All lines from the one containing "rojo, 1995 ot738" down to the one containing "adidas Arkyn W", both ends included, are to be given again exactly; omit the rest of the listing below.

◆ ENTRIES PROVIDED:
------------------------------------------------

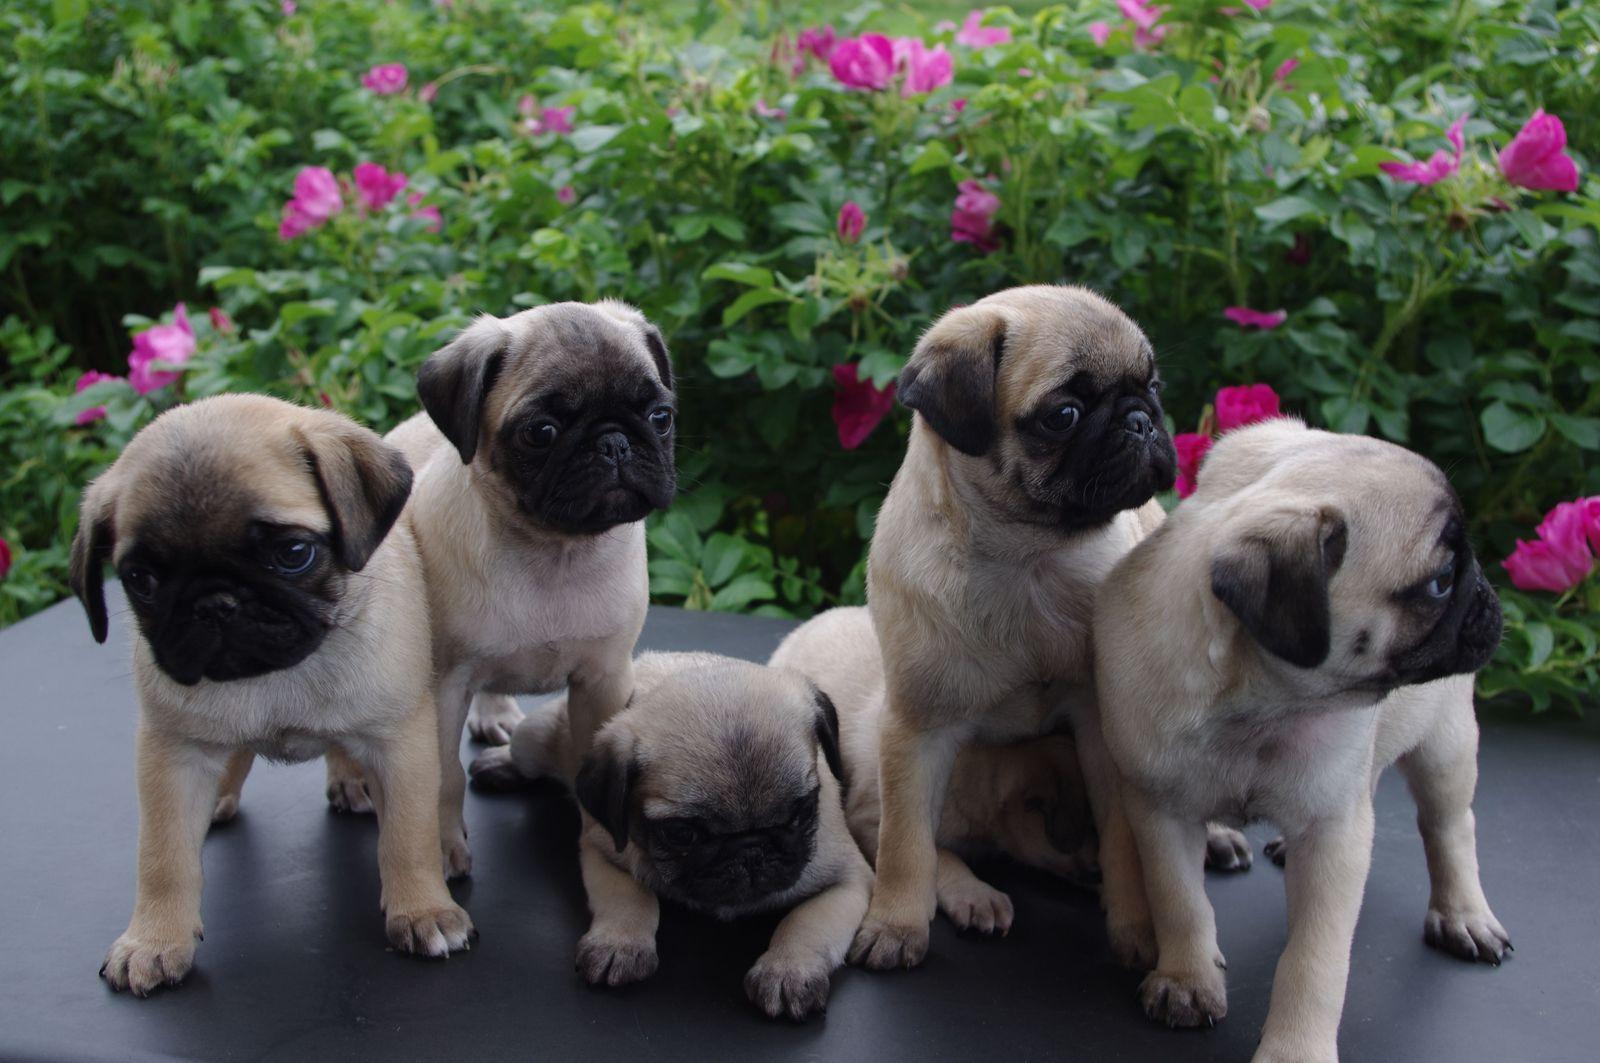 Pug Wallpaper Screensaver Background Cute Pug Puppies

------------------------------------------------

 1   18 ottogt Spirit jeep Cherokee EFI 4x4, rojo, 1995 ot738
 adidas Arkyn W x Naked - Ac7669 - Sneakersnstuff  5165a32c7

------------------------------------------------

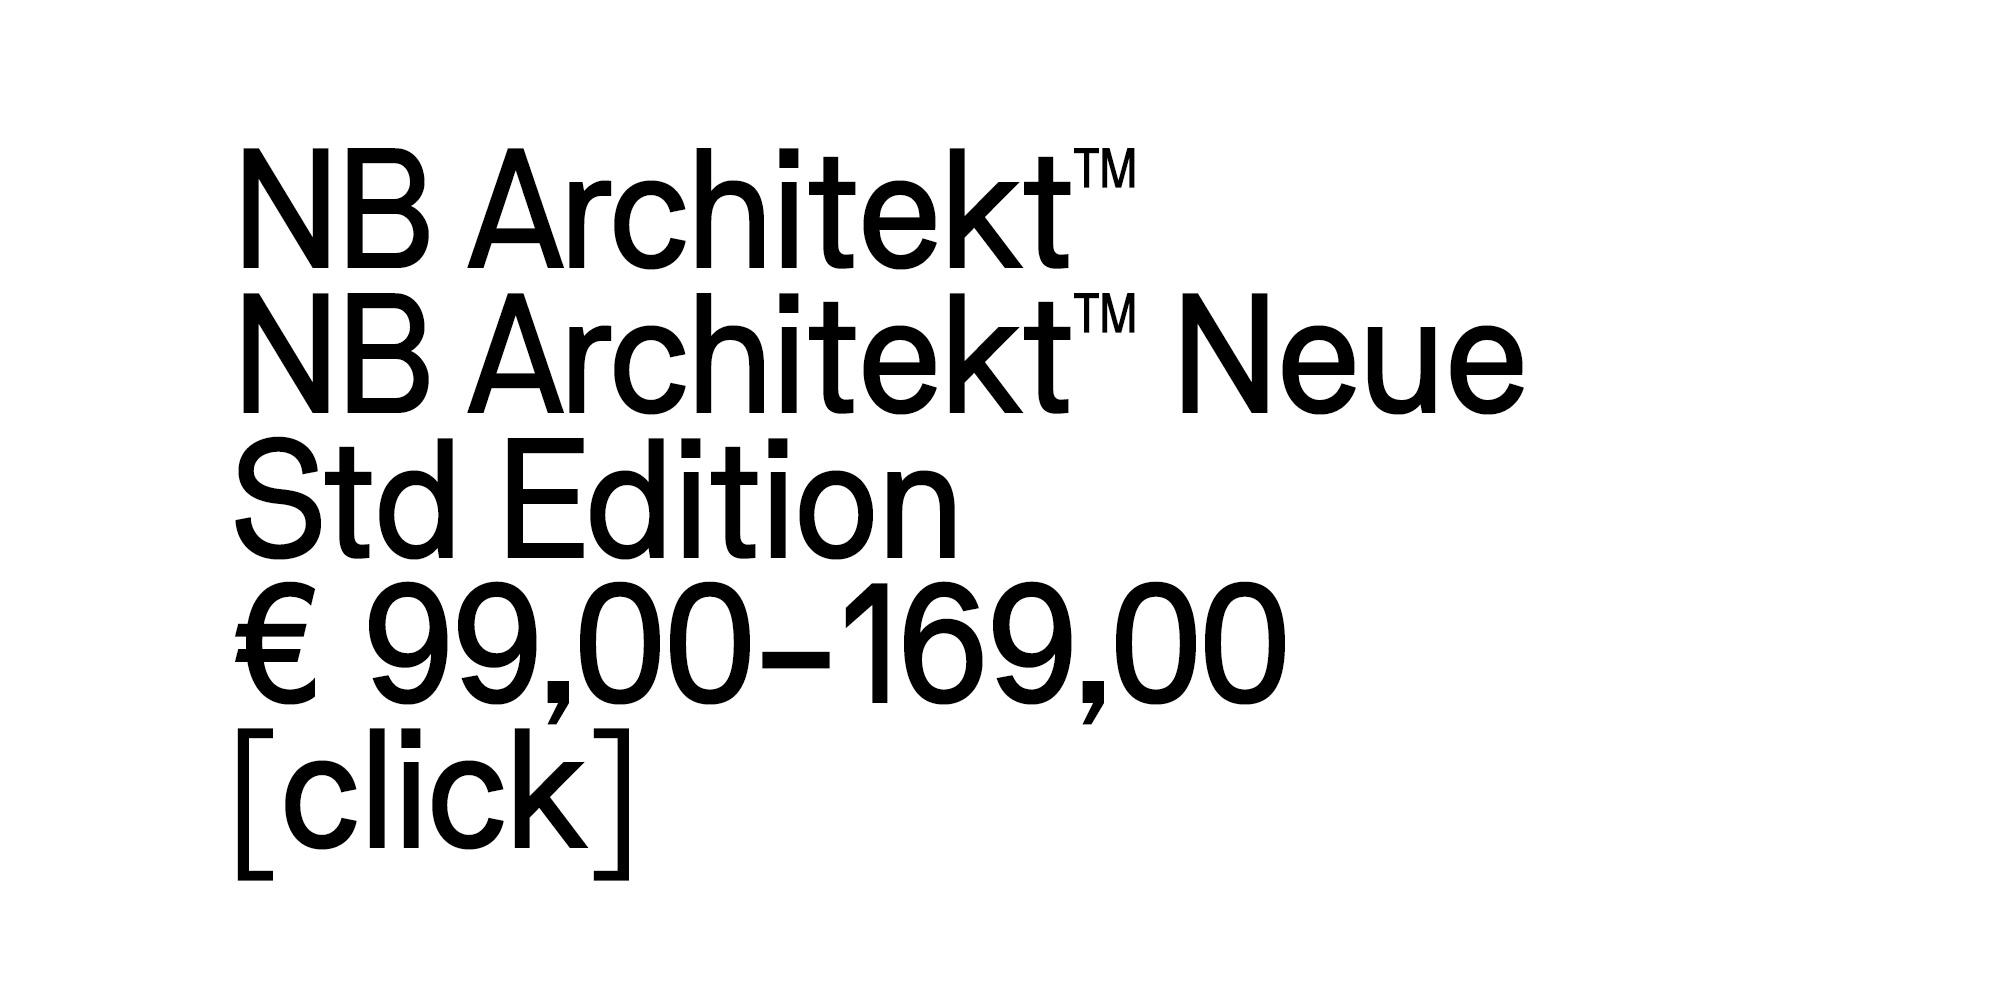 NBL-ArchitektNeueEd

------------------------------------------------

◆ RESPONSE BELOW:
 1   18 ottogt Spirit jeep Cherokee EFI 4x4, rojo, 1995 ot738
 adidas Arkyn W x Naked - Ac7669 - Sneakersnstuff  5165a32c7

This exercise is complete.